Муська грелась на солнышке вместе с выводком, развалилась на вытоптанном пятачке у крыльца. Котята прилепились к мамке и мягко переминали лапками проваленный животик. Дети присели рядом. Муська, видимо, была в хорошем настроении, глянула на них, снисходительно зажмурилась и отвернулась.

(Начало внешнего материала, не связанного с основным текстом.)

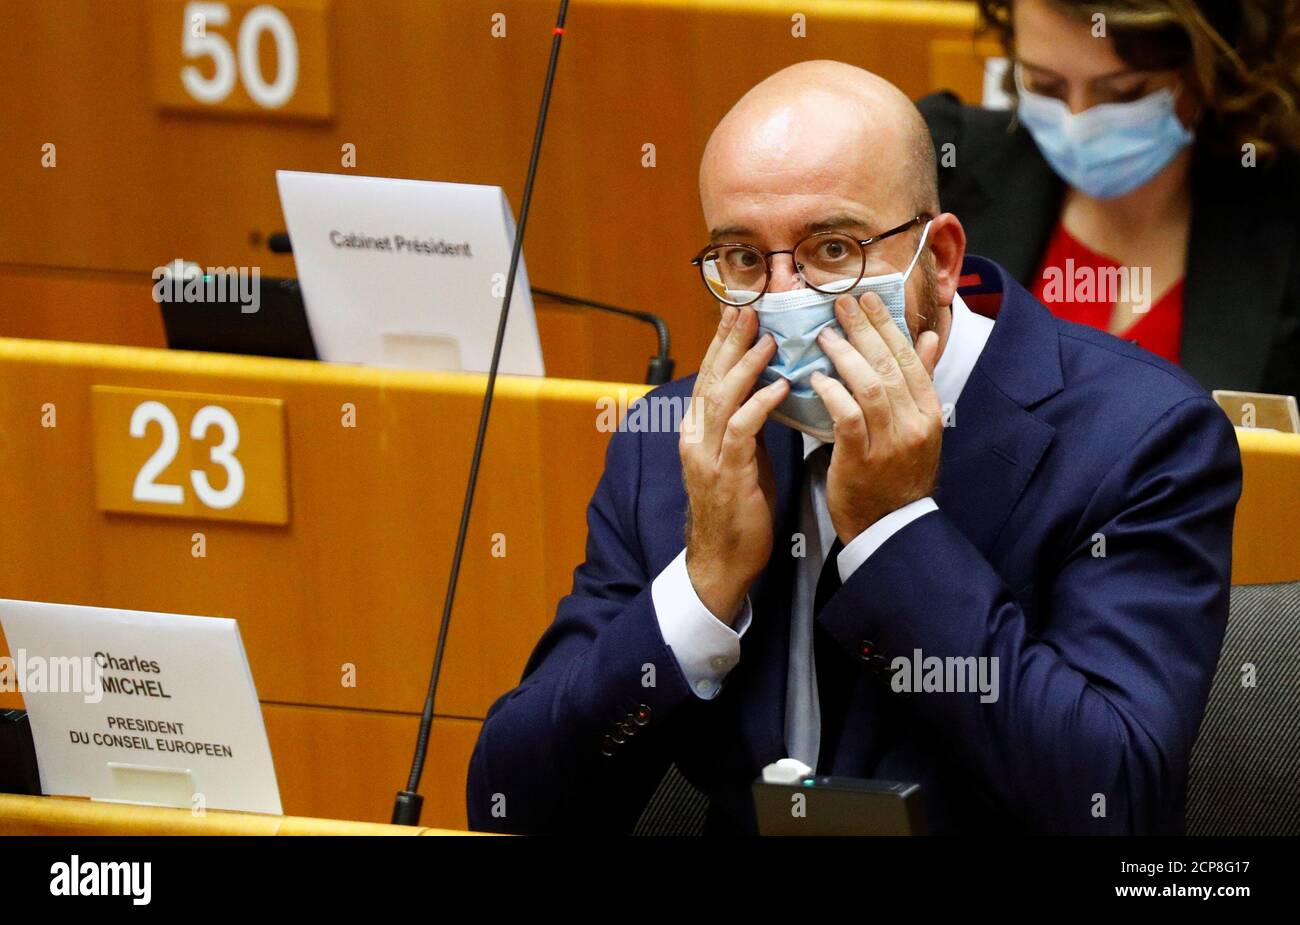 Le président du Conseil européen Charles Michel ajuste son masque lorsqu'il  assiste à un débat sur le financement de l'UE et la reprise économique avec  les législateurs de l'UE au Parlement européen

– Тощая, всю высосали, всю, – сокрушённо покачала головой Злата, копируя бабкины интонации и ладошкой оглаживая впалый кошачий бок.
– Молока ей надо.
– Ой! А я всё выпила.
– Сейчас подоим, неси ковшик.
Злата пулей метнулась в дом, схватила алюминиевый ковш и бегом назад. Коза у Бабани была серая, бокастая, с меланхоличными зелёными глазками и кочками маленьких рожек над крутым лбом. Своенравная, вёрткая и имя у неё странное – Марта. Злата побаивалась одна подходить к ней, только с Бабаней, ну а с Андрюшей-то не страшно.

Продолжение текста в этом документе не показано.